Working data –
══════
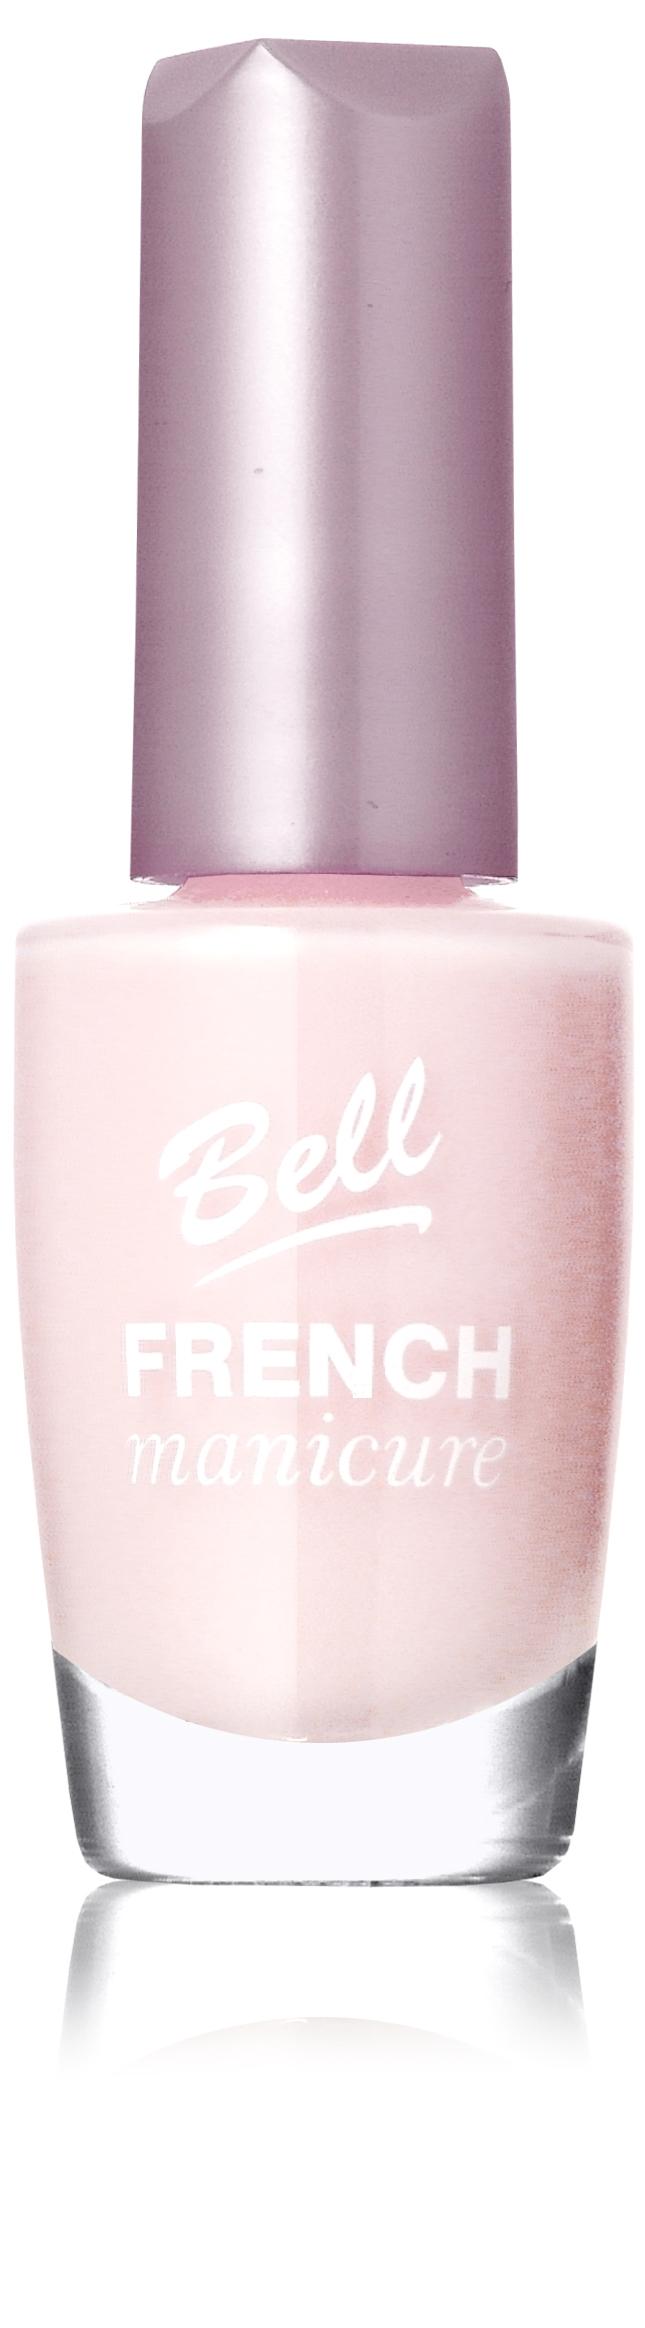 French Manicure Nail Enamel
══════
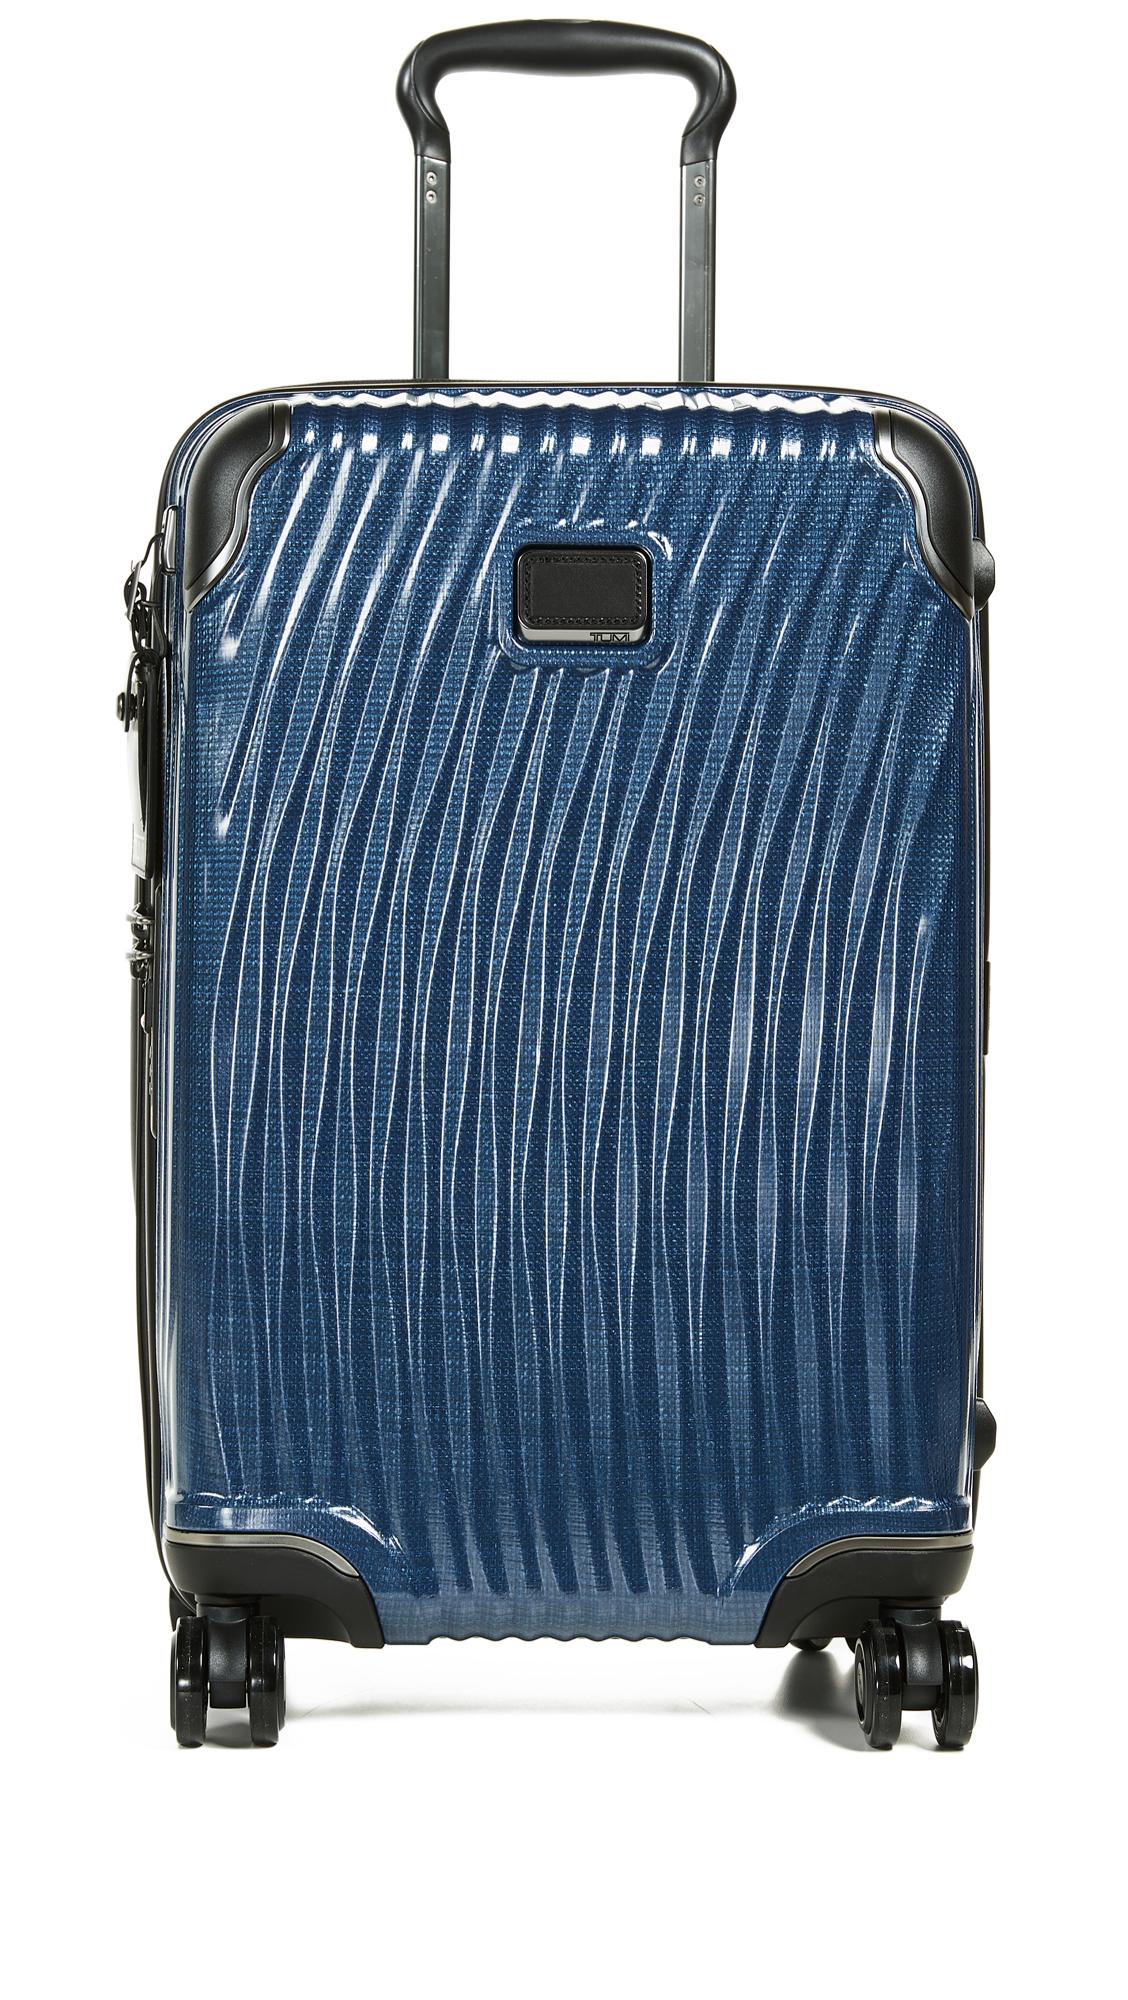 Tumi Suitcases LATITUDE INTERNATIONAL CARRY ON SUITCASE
══════
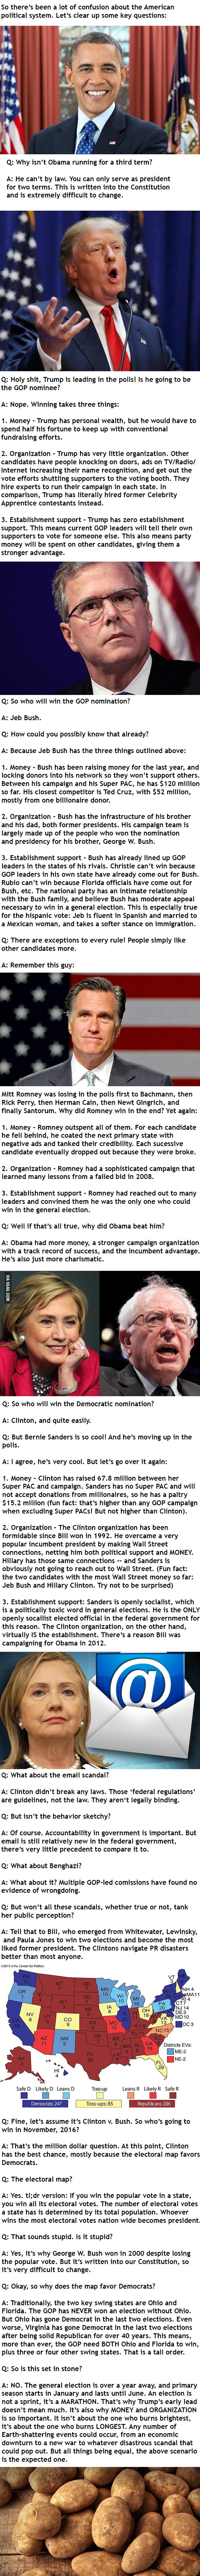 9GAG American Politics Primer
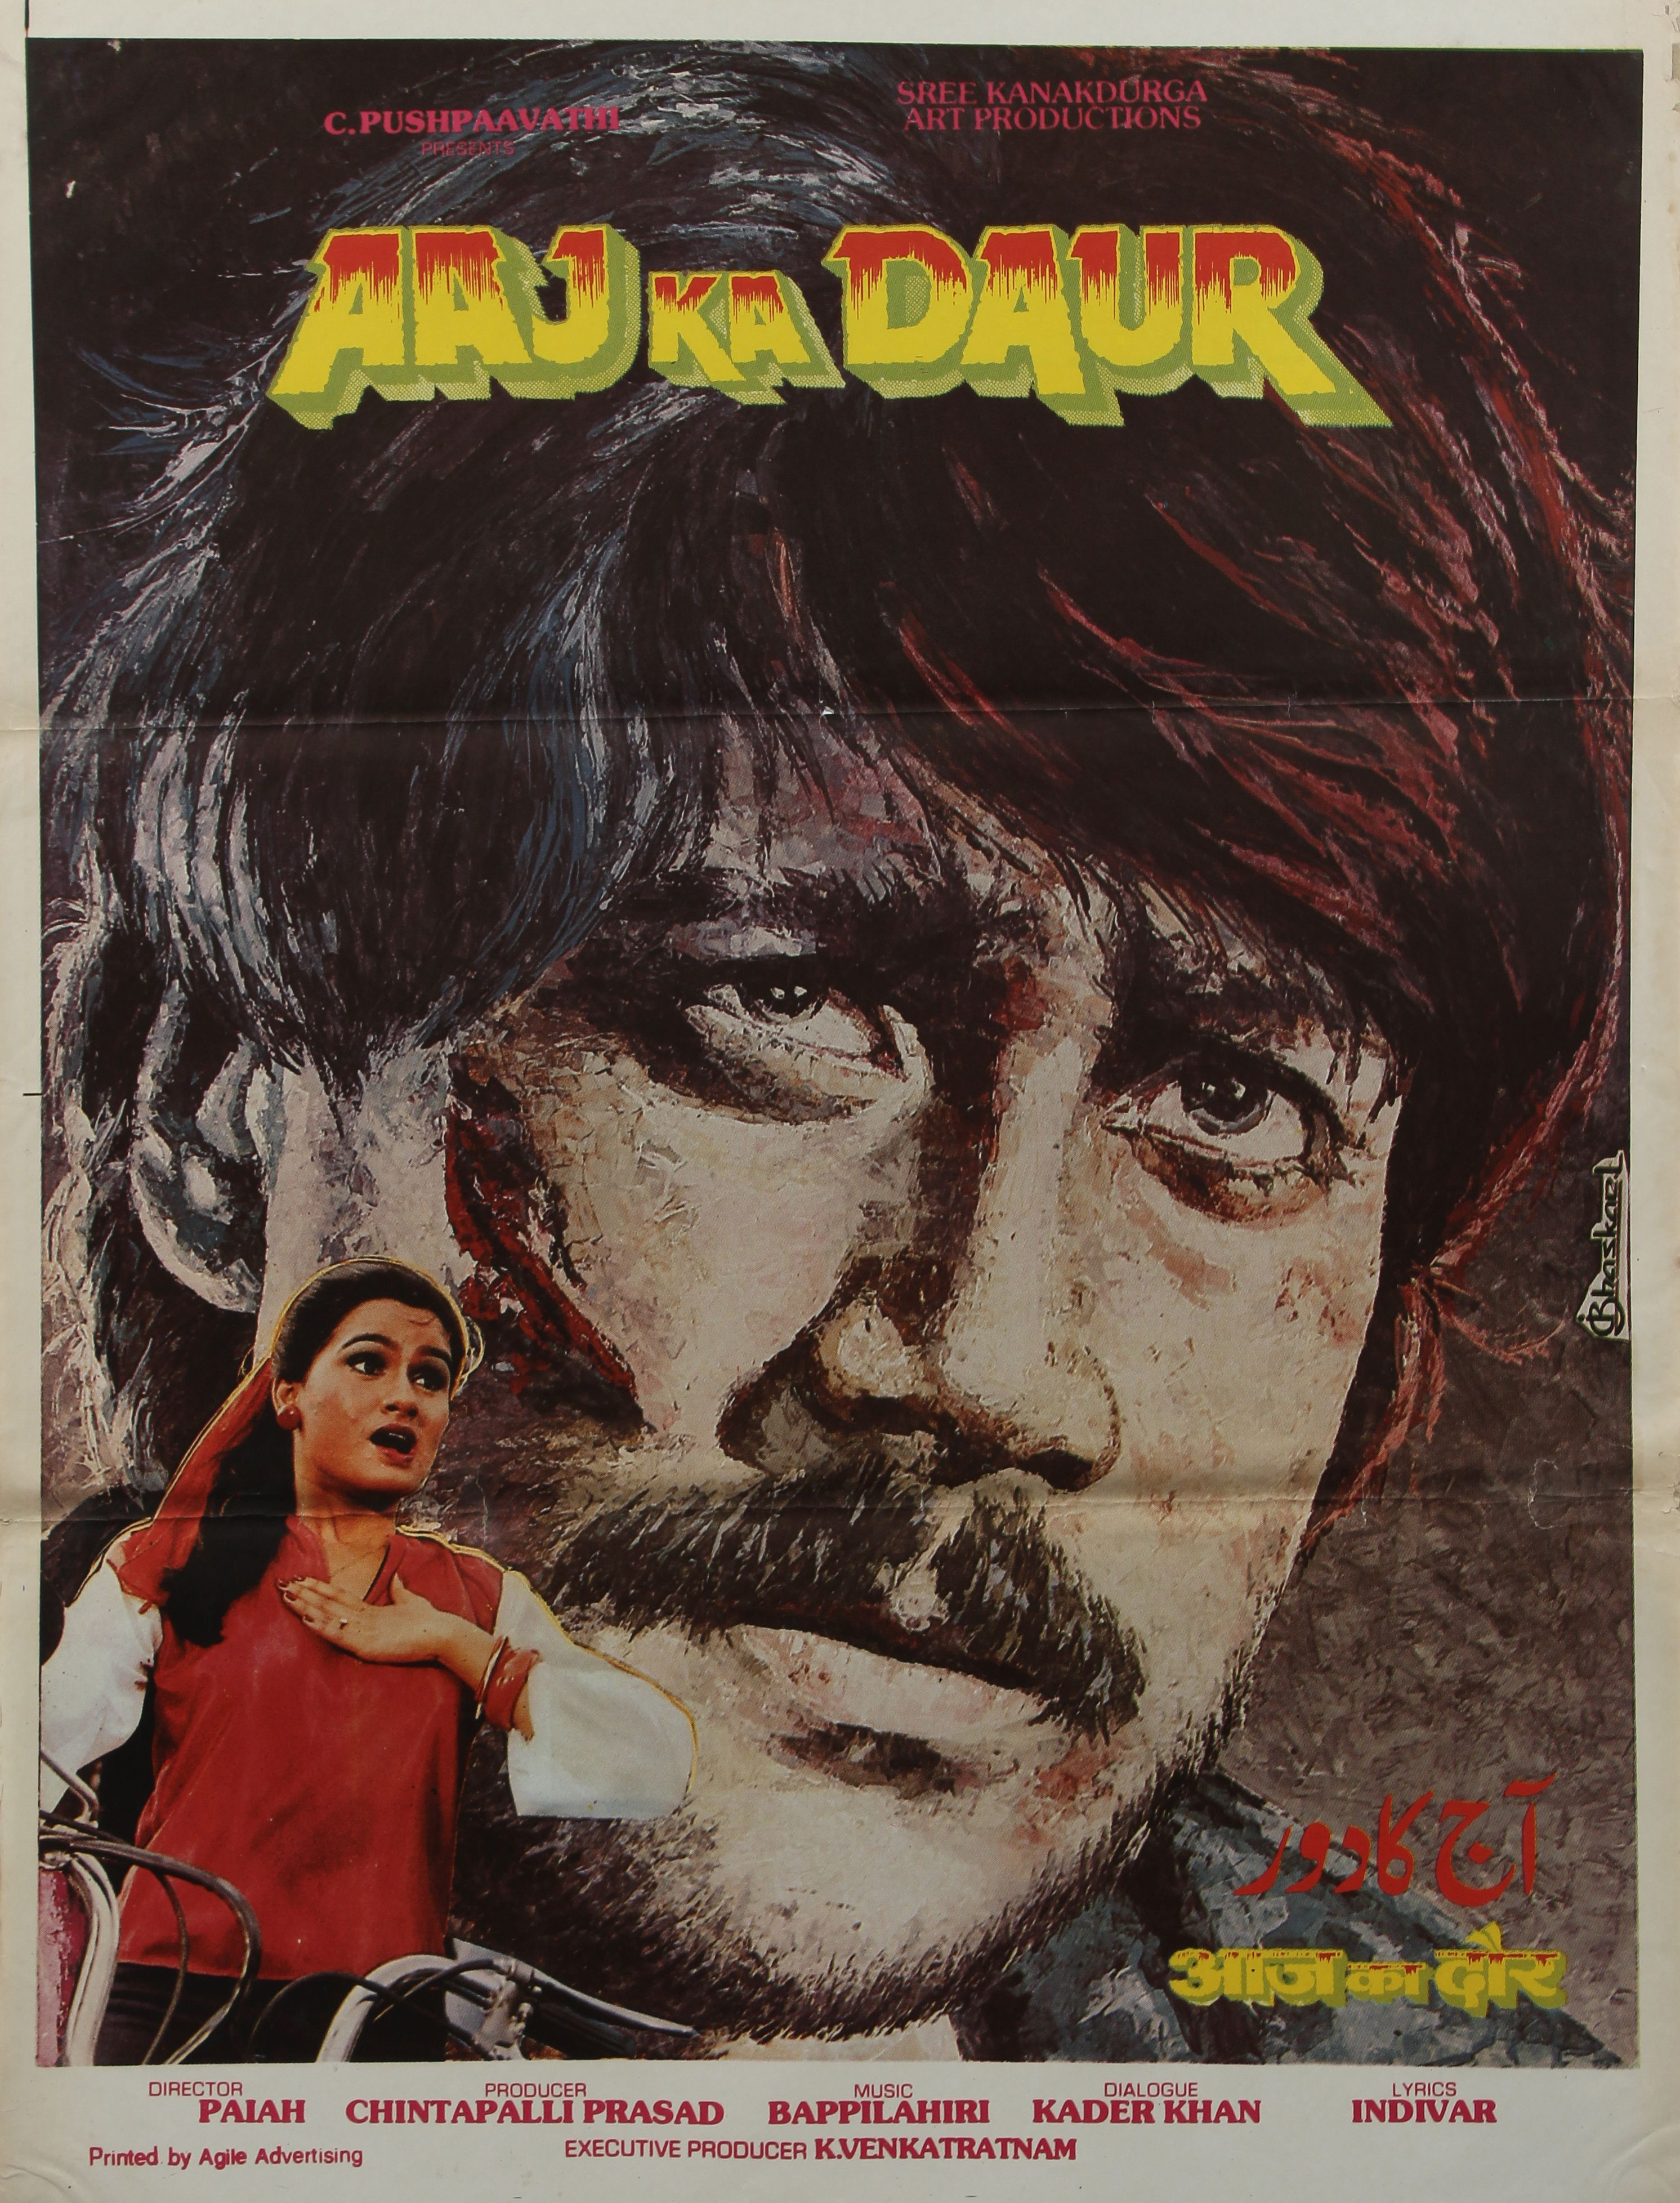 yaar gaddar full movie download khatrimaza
══════
Task directions –
Leaving each picture behind, please give again exactly the lines above from the one with "9GAG American Politics Primer" through the one with "yaar gaddar full movie download khatrimaza", both included, and no others.

Result of this exercise –
 9GAG American Politics Primer
 yaar gaddar full movie download khatrimaza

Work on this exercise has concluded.